• **Required work**: Below is a listing to copy exactly; no image goes into the copy.

• **Data extract**:
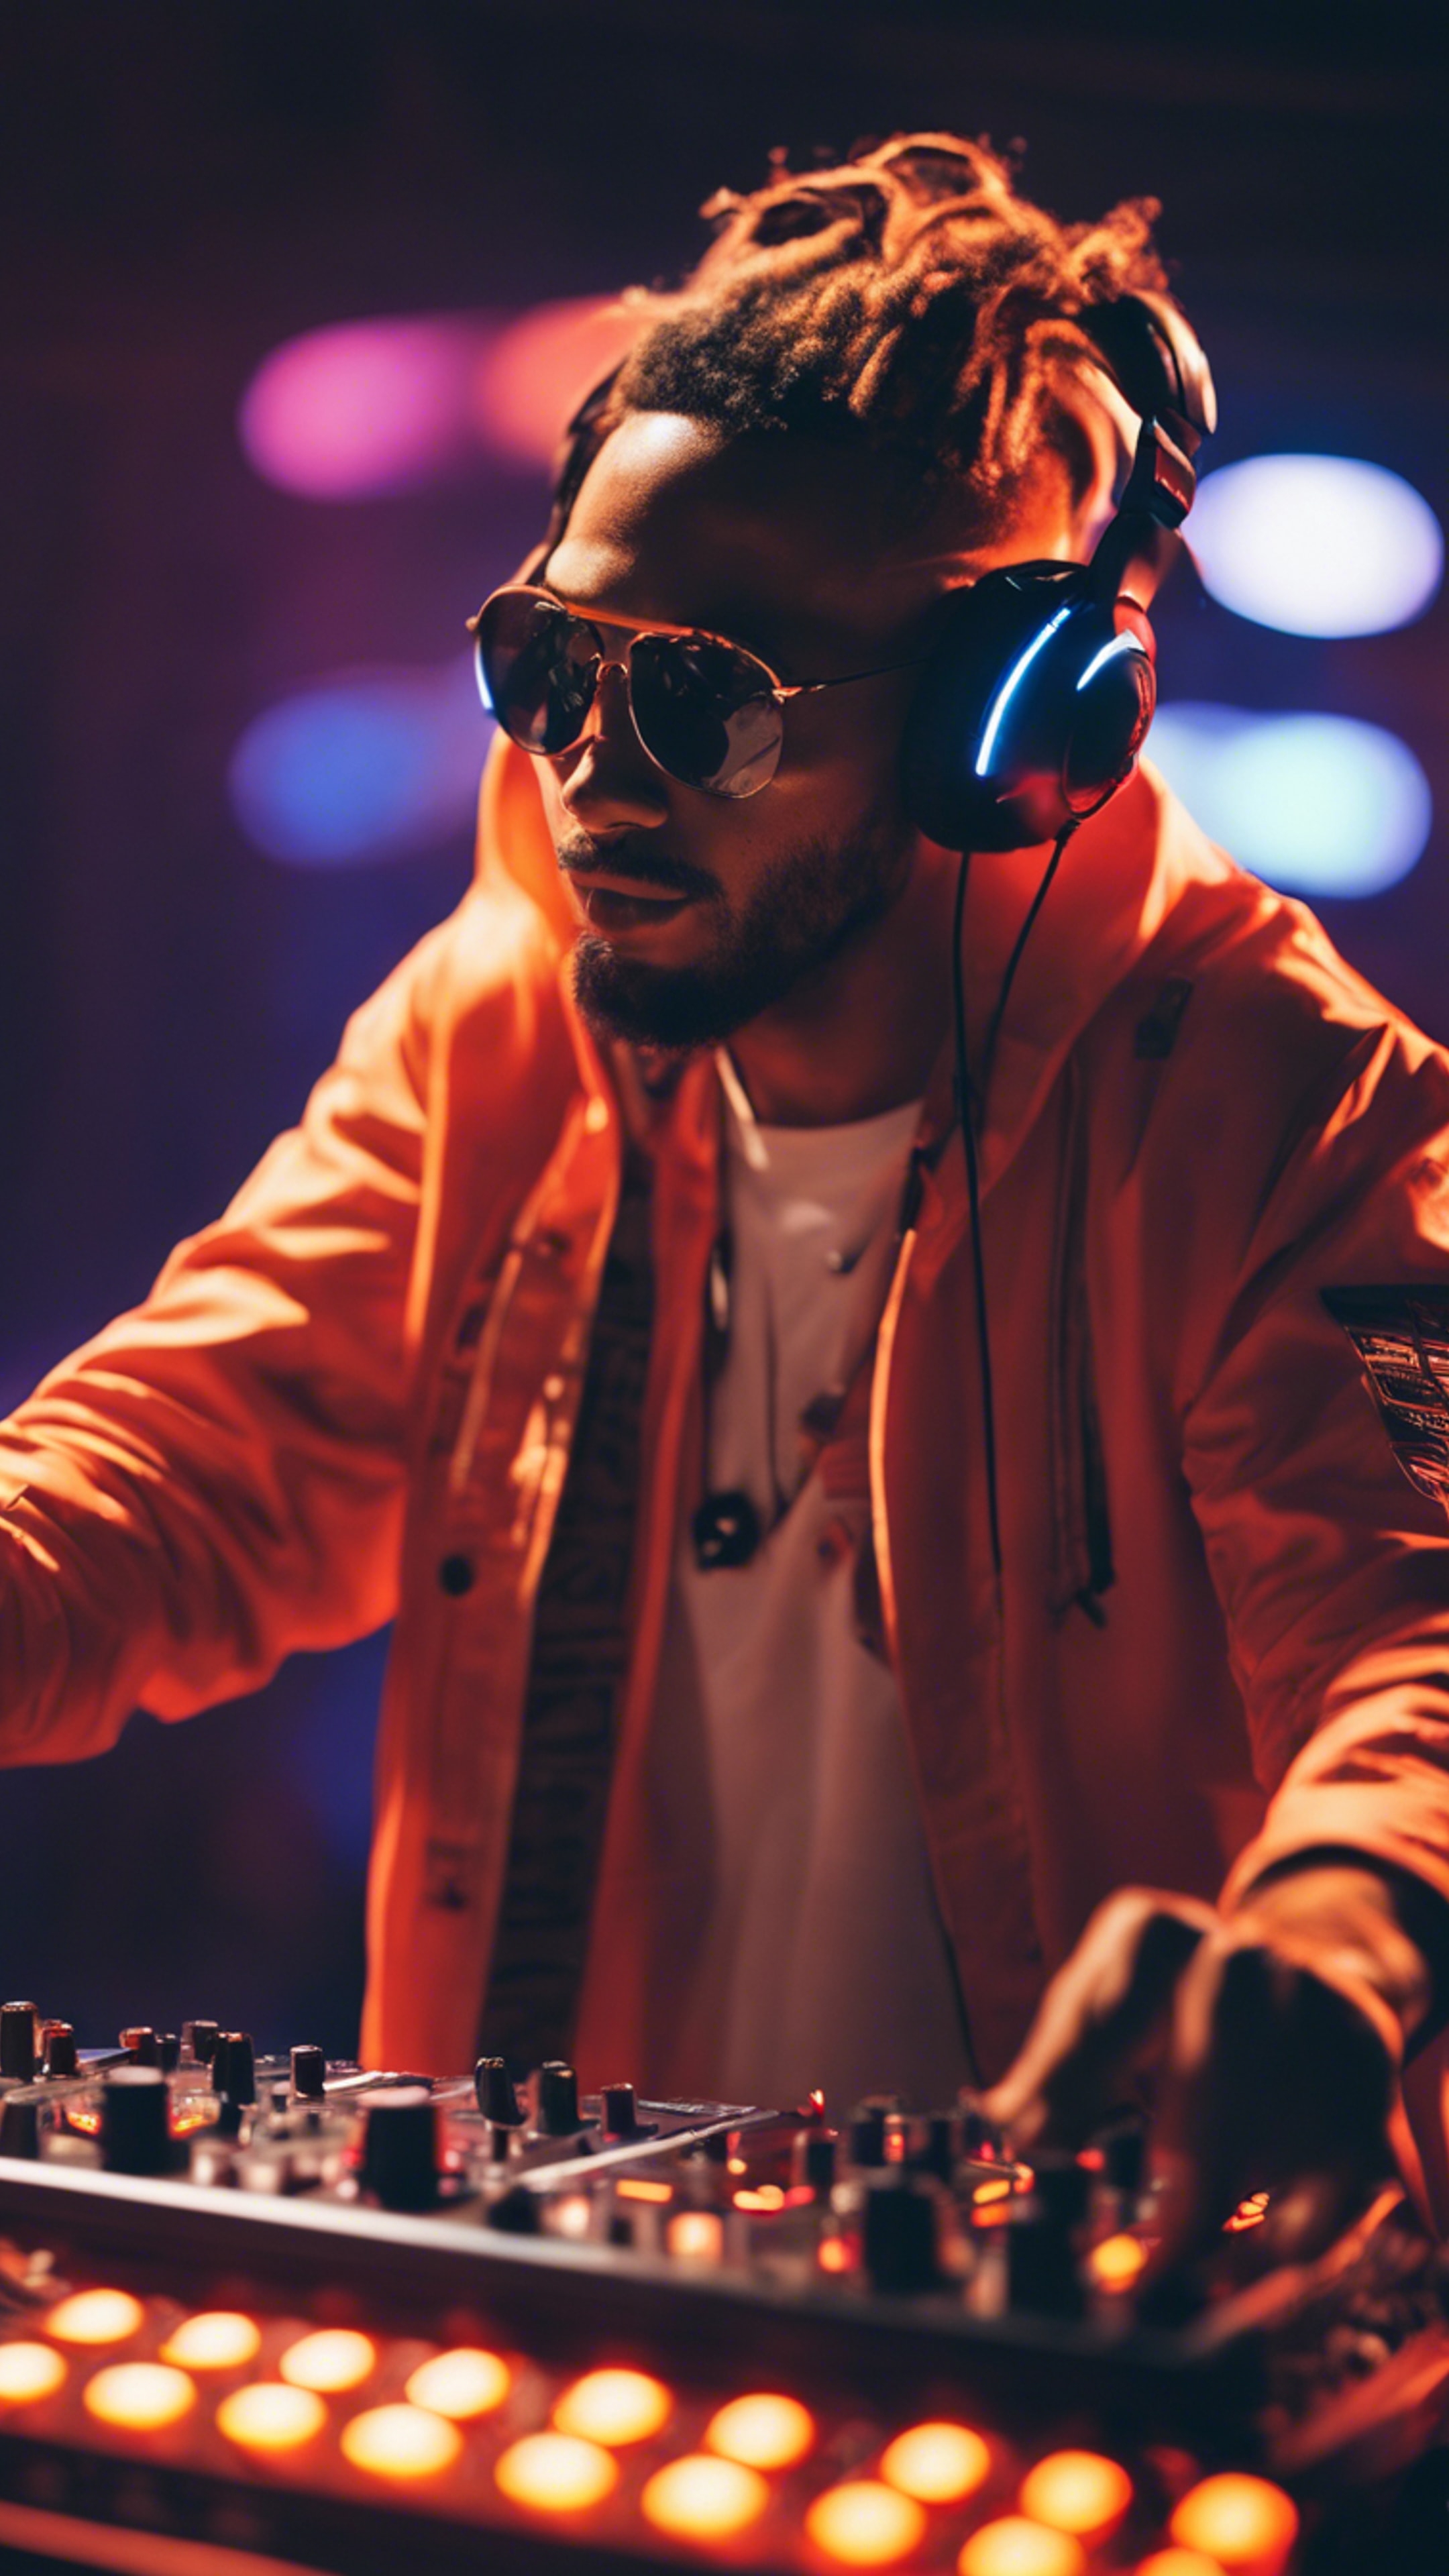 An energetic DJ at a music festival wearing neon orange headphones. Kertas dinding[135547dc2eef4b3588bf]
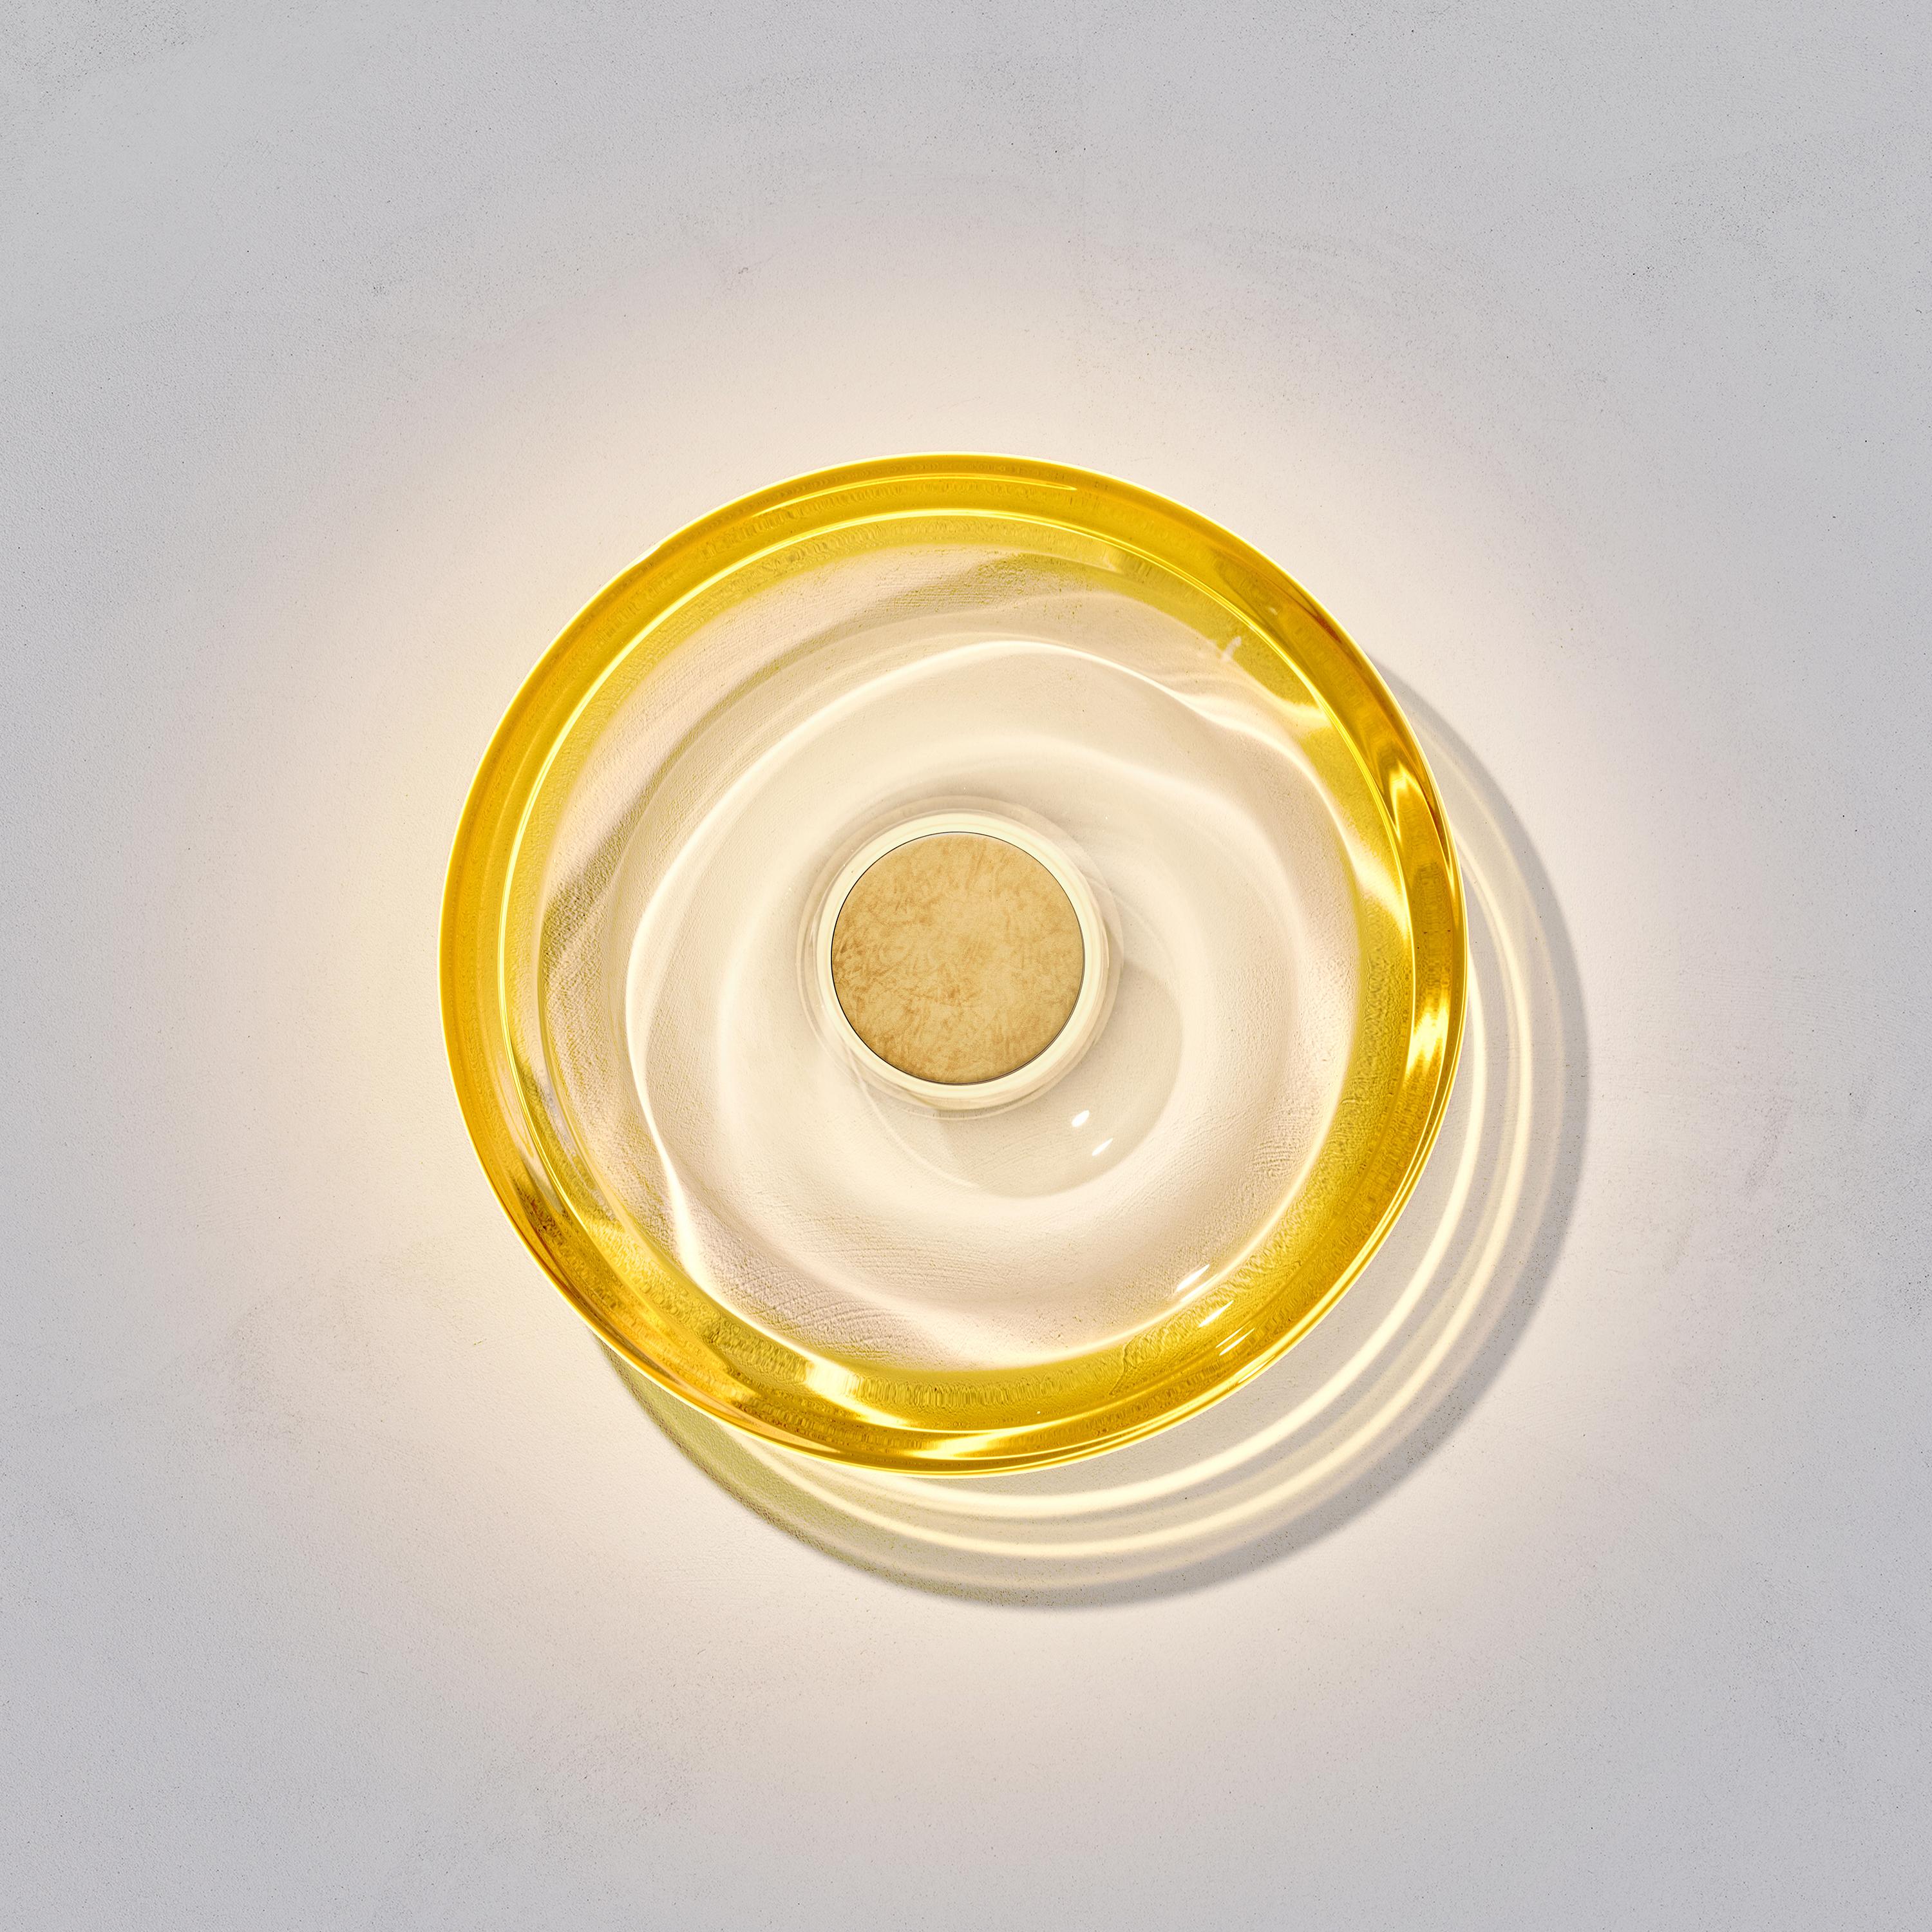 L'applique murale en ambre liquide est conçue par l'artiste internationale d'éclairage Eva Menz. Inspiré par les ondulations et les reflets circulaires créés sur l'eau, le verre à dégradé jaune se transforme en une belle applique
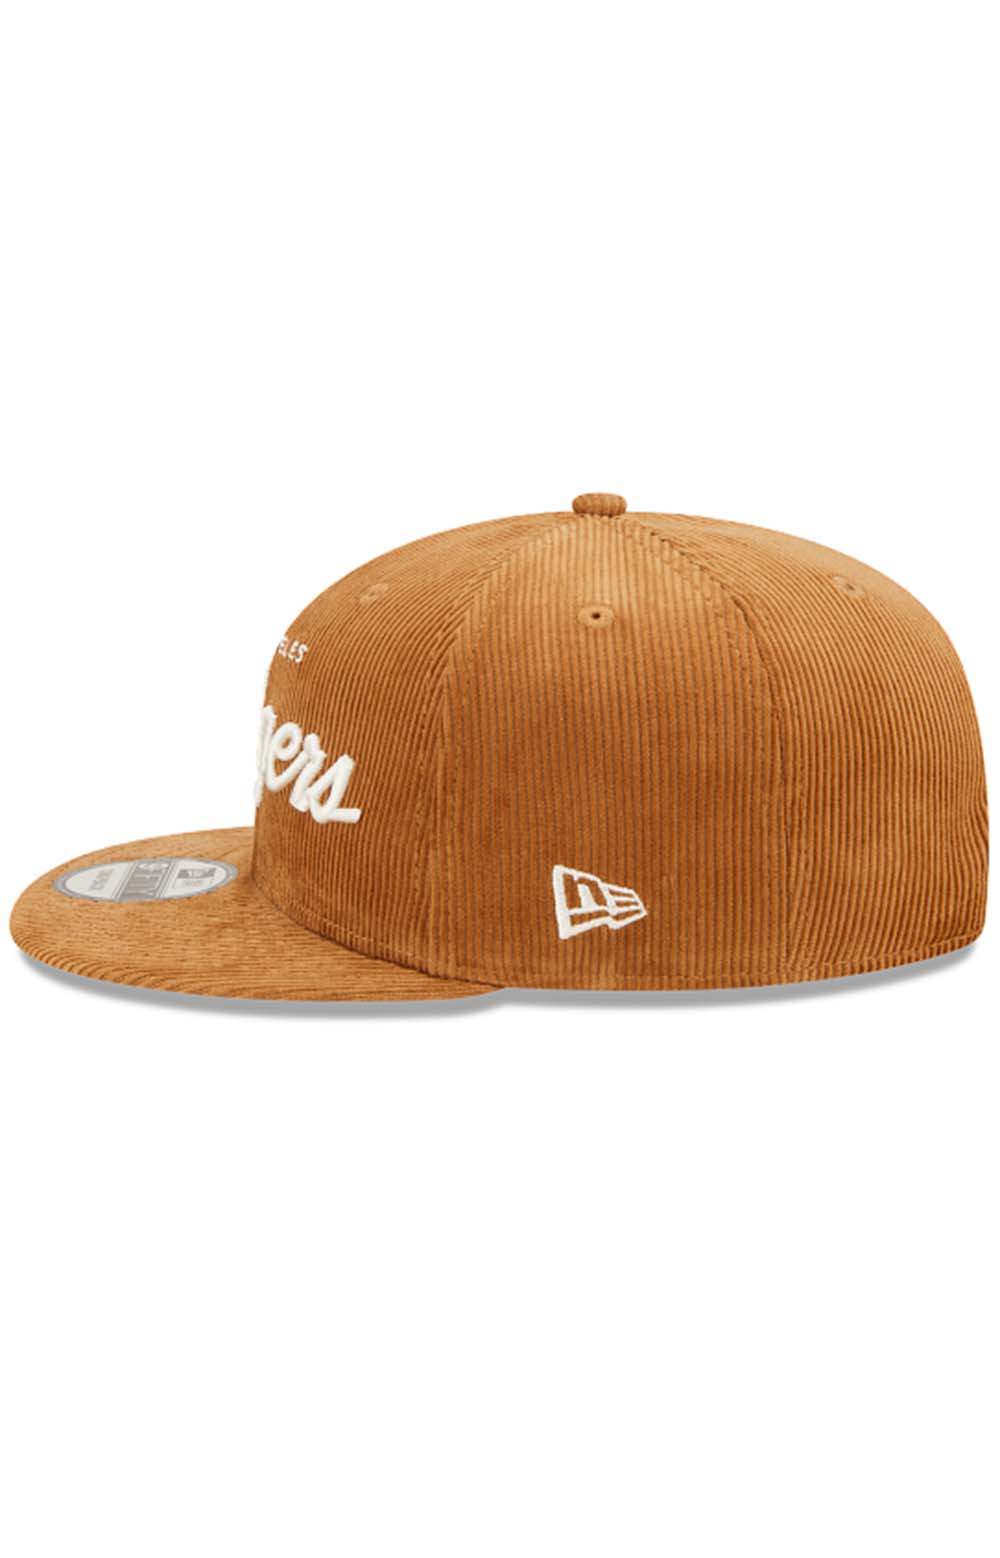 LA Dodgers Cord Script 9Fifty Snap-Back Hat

• **Task answer**:
 An energetic DJ at a music festival wearing neon orange headphones. Kertas dinding[135547dc2eef4b3588bf]
 L'applique murale en ambre liquide est conçue par l'artiste internationale d'éclairage Eva Menz. Inspiré par les ondulations et les reflets circulaires créés sur l'eau, le verre à dégradé jaune se transforme en une belle applique
 LA Dodgers Cord Script 9Fifty Snap-Back Hat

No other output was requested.